• **Instructions to follow**
Excluding pictures, reproduce word for word the lines from the one containing "2021 Cadillac Escalade" through the end of the material below.

• **Recorded data**
_ _ _ _ _
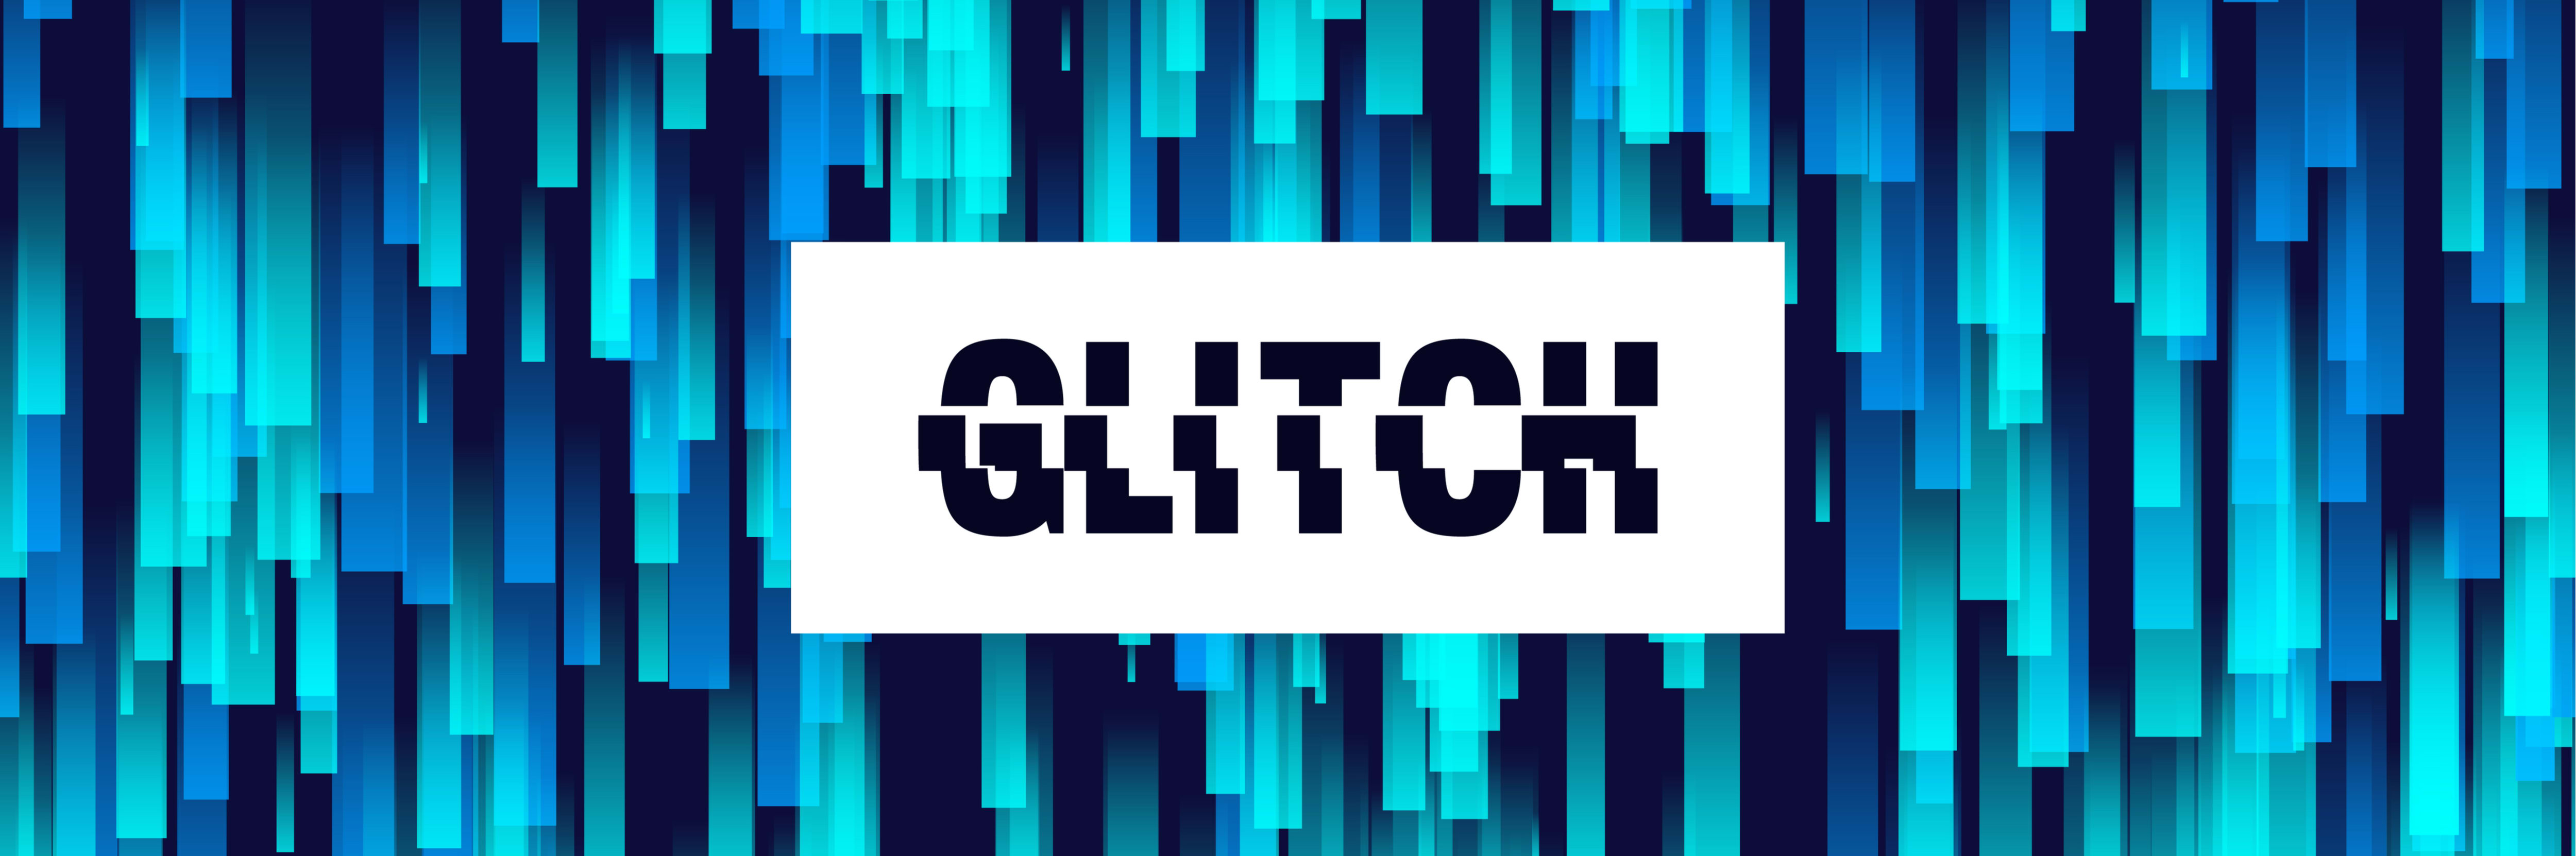 Glitch List - main image
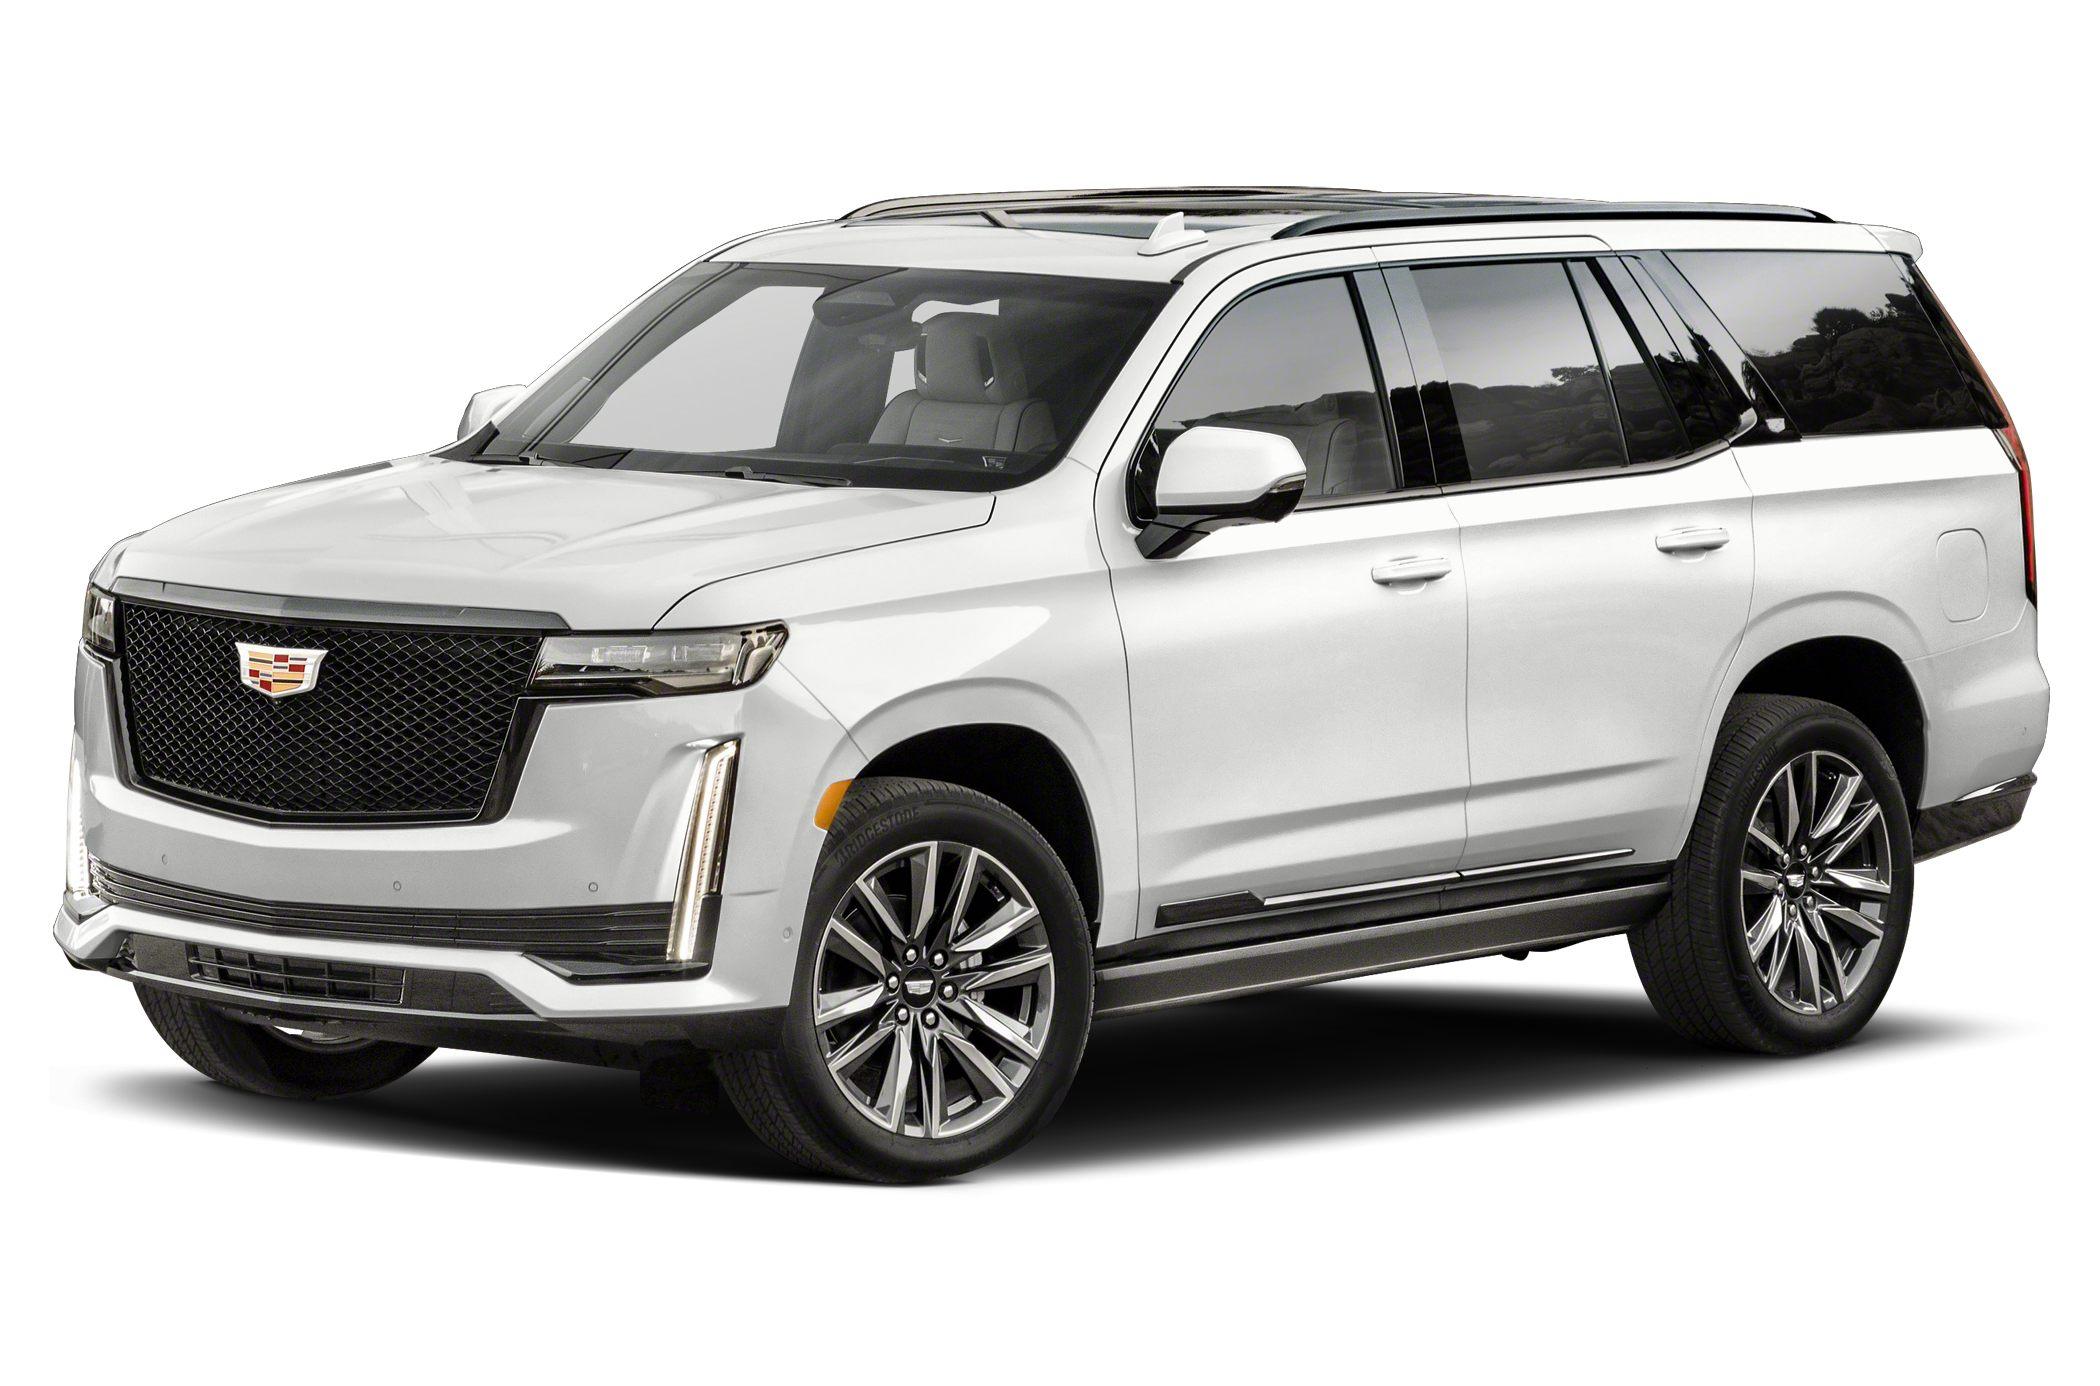 2021 Cadillac Escalade Luxury 4x4 Specs And Prices
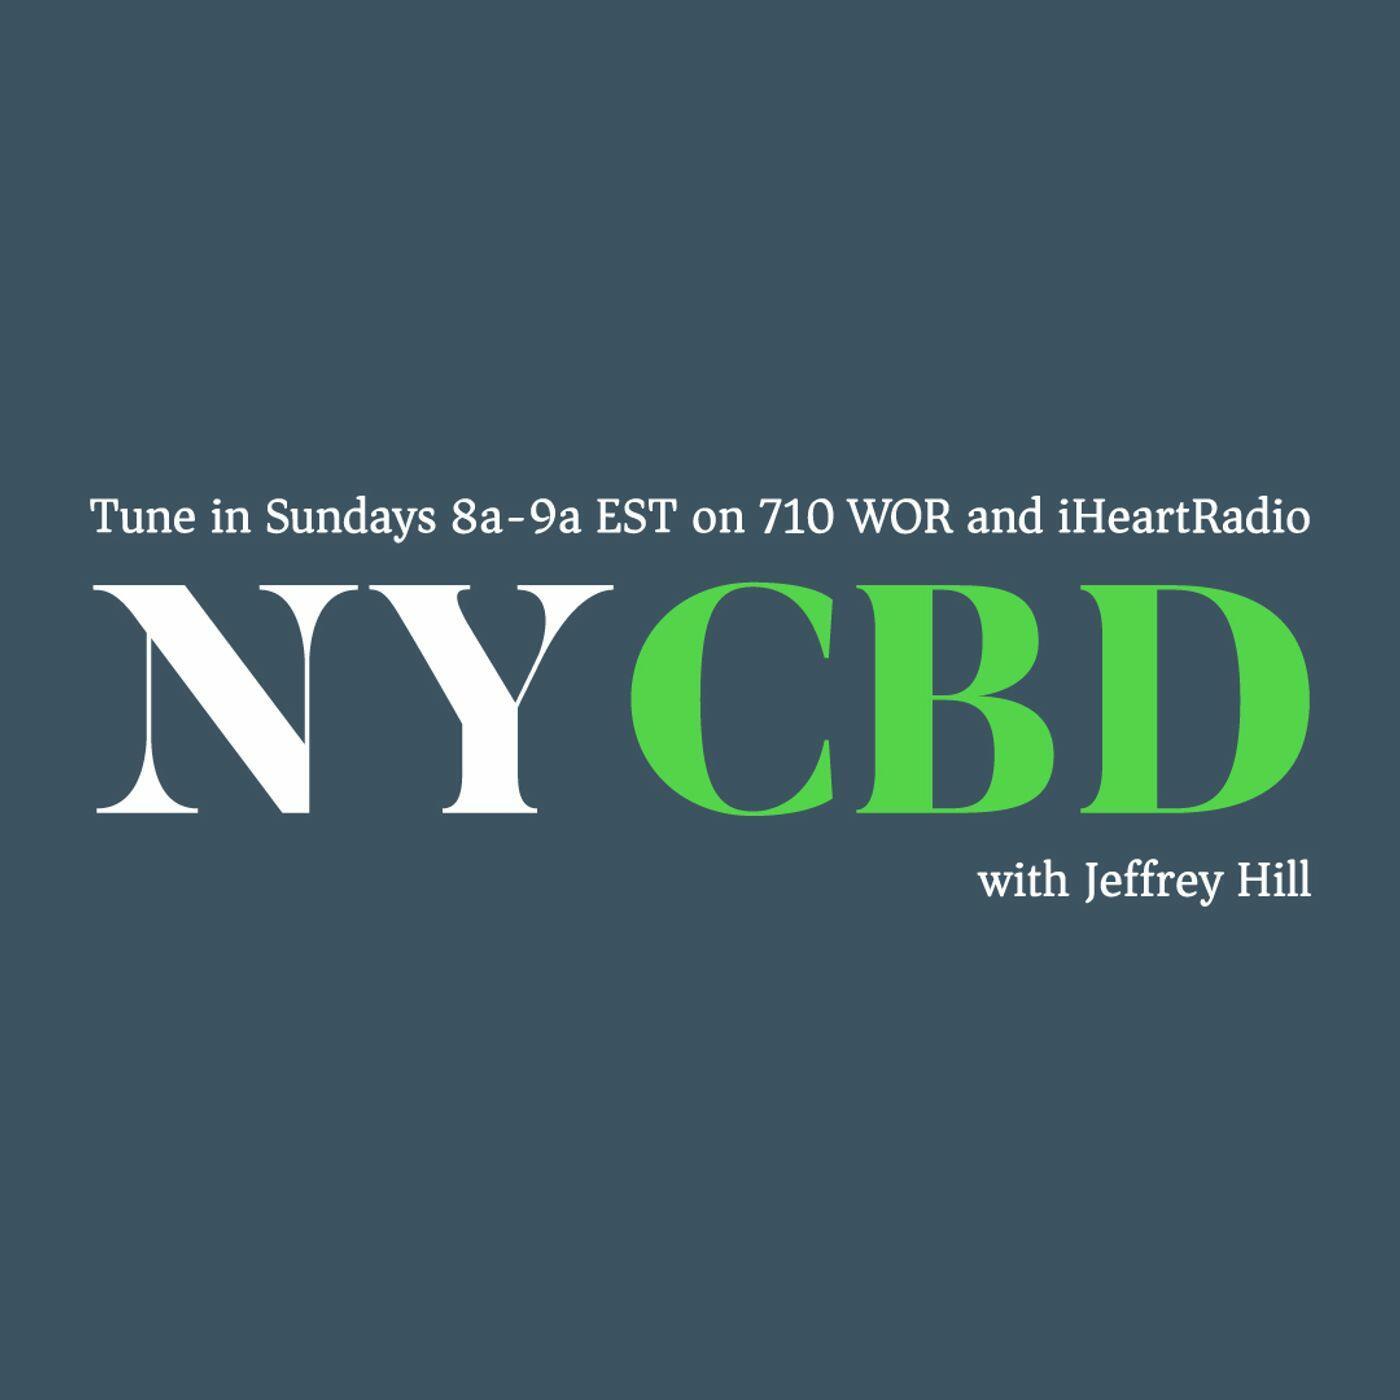 NYCBD With Jeffrey Hill
_ _ _ _ _
• **Output of the task**
 2021 Cadillac Escalade Luxury 4x4 Specs And Prices
 NYCBD With Jeffrey Hill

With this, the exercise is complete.